Видимо, Велиан не был глупцом, или на лице Эвинны были хорошо видны чувства. Он угадал ее мысли - и лицо враз утратило заинтересованность, поскучнело. Эвинна смутилась. Наверное, зря она напала на старого жреца. Все-таки они в гостях у него, а не наоборот...
- Когда-то я хотел стать лекарем, - сказал он. - Даже и лечил в молодости. Но те, кто нуждаются в моей помощи, недостойны ее, а те, кто достойны - ни в чем не нуждаются. Им я могу помочь лишь словом, охлаждая горячие головы.
- Как это? А мрущие от голода и болезней дети крестьян - недостойны?
- Была охота копаться в грязи! Я в миру был дворянином, да и не простым рыцарем! Семь сел и две дюжины деревень были моими по праву. Но я выбрал большее - службу предвечному Эдару.
- Так значит...
- Амори меня не трогает, и я его не трогаю. Эльфер писал, алки вырезали твою семью? Жалко, конечно, но сама посуди: надо же рыцарям жить достойно их положения? Надо. А селяне сбежали. Как должен был поступить тот рыцарь? Я бы и сам так поступил, честно говоря.
- Ты не можешь... - ошеломленно начала Эвинна. Но отшельник ее перебил:
- Могу. Эльфер говорил, что с тобой нужно помягче. Но ты уже большая, тебе семнадцать лет. Если не поймешь того, что я хочу сказать, не заживешься на этом свете.
- Какой же мудростью хочешь ты со мной поделиться? - начиная закипать, спросила Эвинна. - Открой нам тайны мироздания, Велиан-катэ.
- Это не нашего ума дело, - высокомерно ответил Велиан. - Рыцари есть и будут всегда. Не Тьерри, так другие, хоть алкские, хоть сколенские, или еще какие. Человек человеку зверь, так установили Боги. Я не вмешивался в ход событий. Хотя мог бы - я вхож к самому Императору. И потому уже восемьдесят лет жив и помирать не собираюсь. Заметь - никакой Амори меня на плаху не тащит.
- А для чего? - удивилась Эвинна. - Кто вспомнит вас, когда вас не станет?
- Для чего вообще живут? Чтобы жить, хе-хе. Я и живу. И по мере сил служу равновесию в этом мире. Это просто - позволь лишь событиям течь, как они текут - и Боги наградят тебя благополучием. Я занимаюсь тем, что люблю и умею делать. Кому и что я должен?
- Ты учен, образован. Ты можешь многому полезному научить тысячи людей. Этим ты облегчишь им жизнь, и Боги отметят твои заслуги без жреческой службы.
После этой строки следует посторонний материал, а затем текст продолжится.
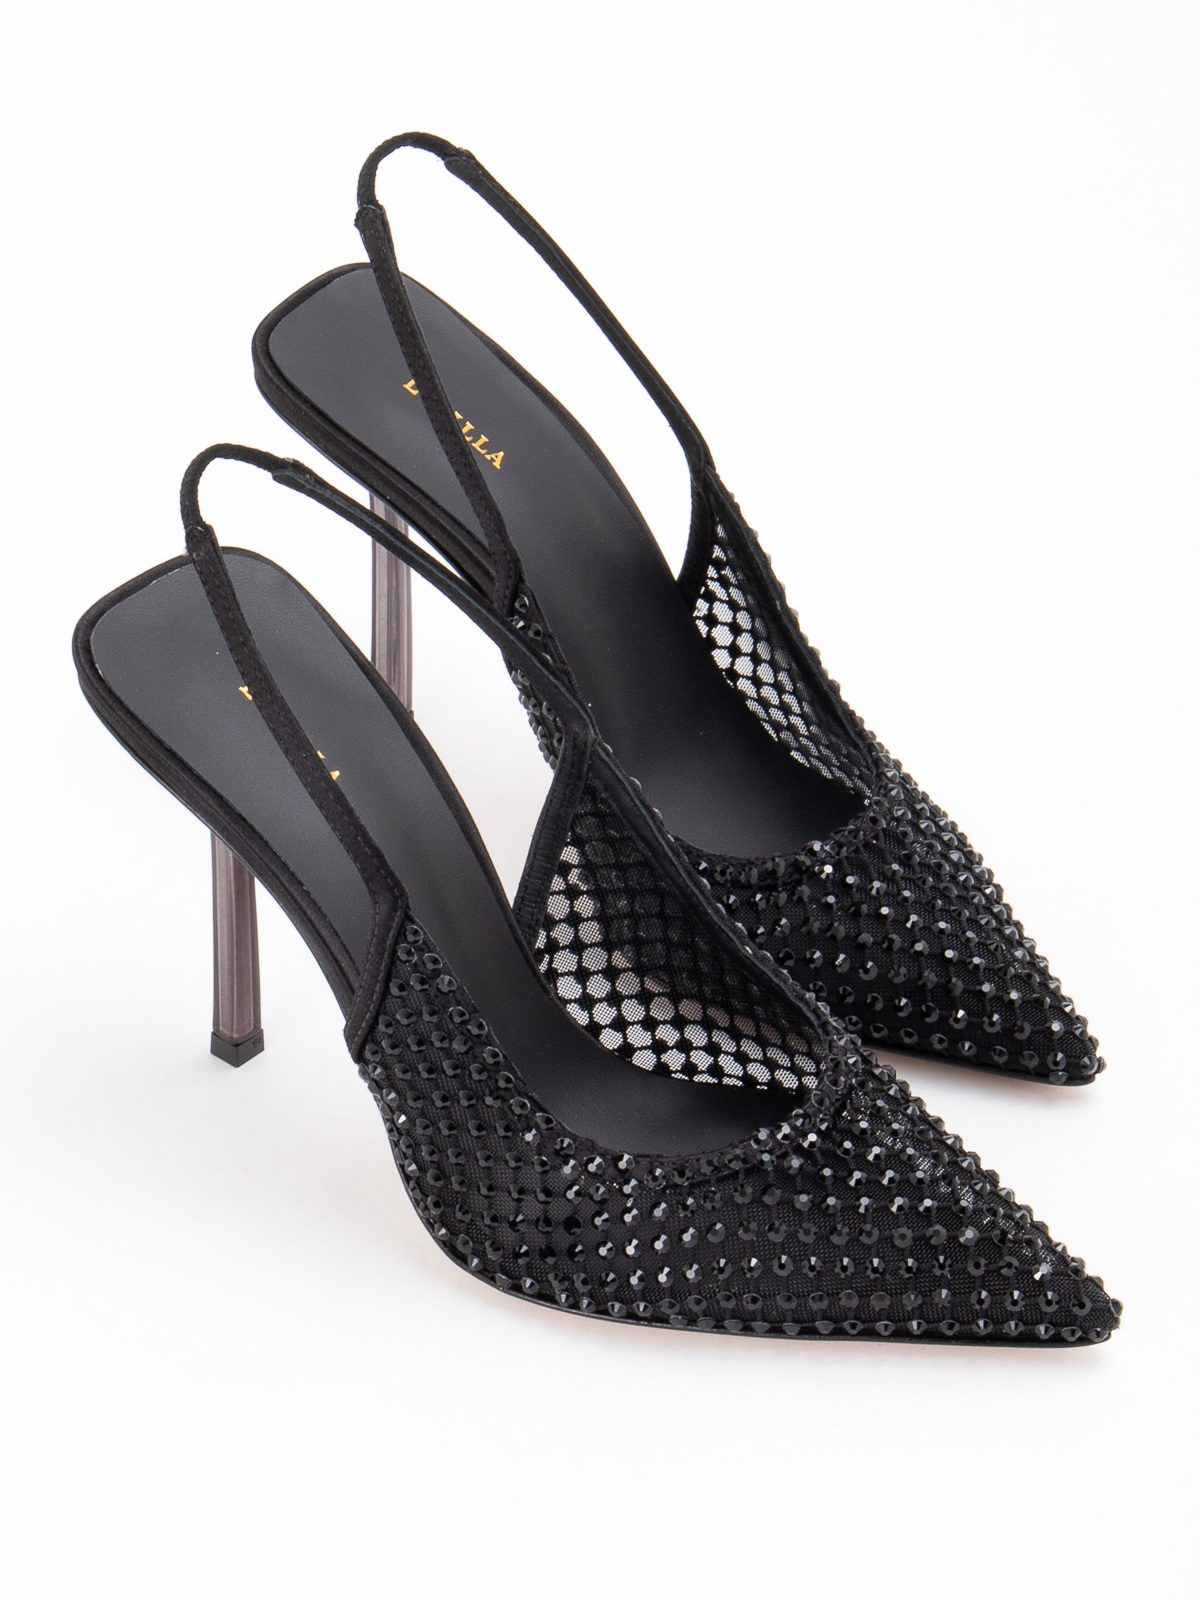 Shoes Size 5 Black Heels | Black Heel Shoe Size 10 | Lovir High Heels Shoes  - Black High - Aliexpress

Велиан задумался, рука огладила бороду, лоб прорезала глубокая глубокая морщина. Наверное, он подумал о том, что все вокруг - изба, болота, почтительные, но глупые паломники, книги и лучина в светце - останется неизменным и надоевшим. А она каждый день видит все новые края, новых людей, каждый ее день не похож на предыдущий. Она как бы проживает множество жизней, пока он застыл в одной-единственной... А ведь с ней рядом далеко не худший из мужчин - молодой, сильный, решительный. Рано или поздно они вместе изведают то, от чего он сам добровольно отказался, теперь ясно, что навсегда. Не с ним - так с другой и с другим. И будут предаваться неведомому, но, несомненно, восхитительному занятию... Велиан даже тряхнул головой, отгоняя навязчивое видение. Такое приличествует лишь жрице-куртизанке сладостной Алхи - но никак не служителю Повелителя Вечности.